The wires are twisted like that on purpose, the "twisted pair" as it's know makes the signals traveling through those wires less susceptible to interference.
I would start with the first error code, this indicates the instrument cluster isn't getting power from one of its sources. Could be a blown fuse.
Once that's resolved you might find the CAN bus issues go away.


----------



## thoughto (Oct 26, 2020)

mr_bean said:


> The wires are twisted like that on purpose, the "twisted pair" as it's know makes the signals traveling through those wires less susceptible to interference.
> I would start with the first error code, this indicates the instrument cluster isn't getting power from one of its sources. Could be a blown fuse.
> Once that's resolved you might find the CAN bus issues go away.
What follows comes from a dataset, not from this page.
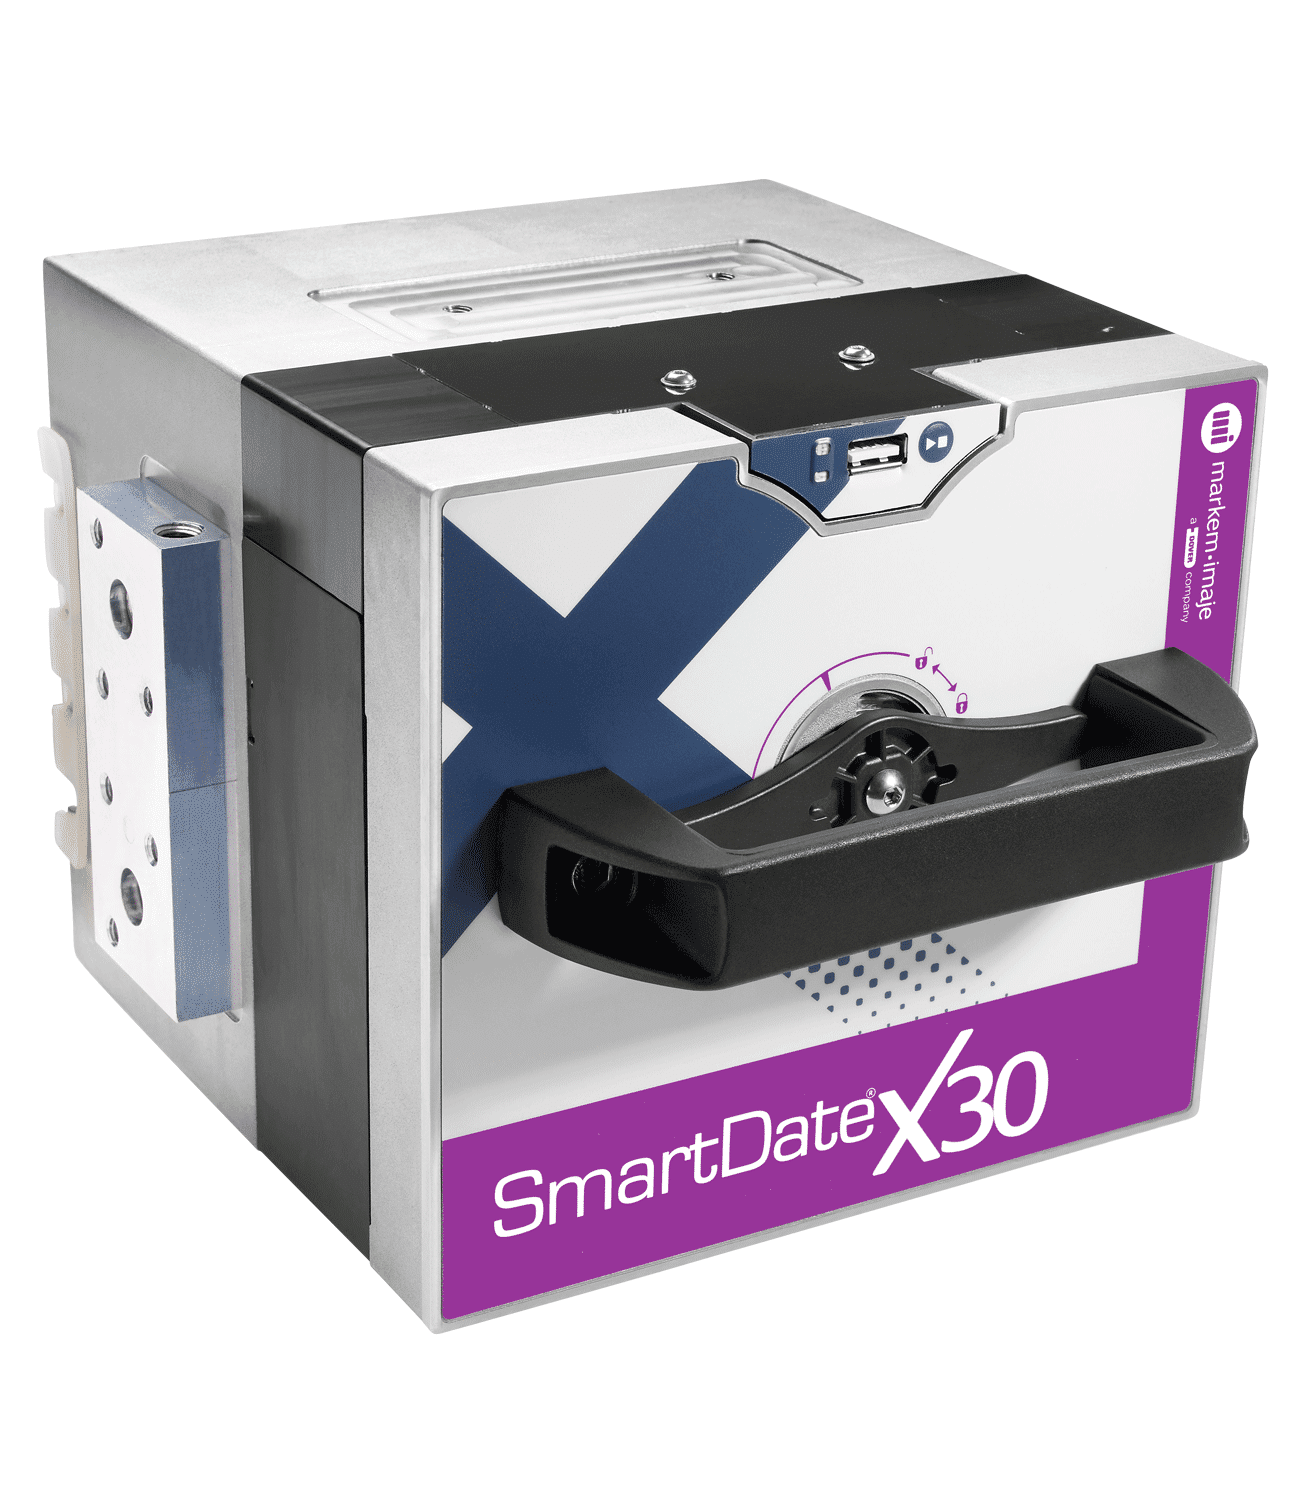 smartdate-x30-tto-g2016-0504-1300x1500-8-2

Thanks a lot for the reply. I did check all the fuses in the engine bay and in the interior. They were all fine


----------



## thoughto (Oct 26, 2020)

I did some reading (Bentley). The CAN bus wires are a twisted pair, yellow/black and yellow/brown. There are 2 sets of them from the bulkhead to the ABS. I continuity tested them, no problems (using a multimeter with sharp point on the probes). There is another set that goes to the engine ECU. I continuity tested them from the bulkhead to the ECU, again no problem indicated. Then inside the car I think I need to test the continuity from the CAN bus wires close to the bulkhead to the connection to the speedo. However, if a break is indicated, it looks like a nightmare tracking it down as the wires go under the carpet and up behind areas of the dash I haven't managed to remove yet.
Any ideas welcome.


----------



## Majestic13 (12 mo ago)

thoughto said:


> Here are a couple of pictures of the wires I may have stressed doing my investigation.
> View attachment 1033216
> View attachment 1033216
> View attachment 1033217
> ...


Hi m8 i have 1 question is there any chance that u know what for that yellow wire with green line on it, is it just ground wire or ...? thanks a lot


----------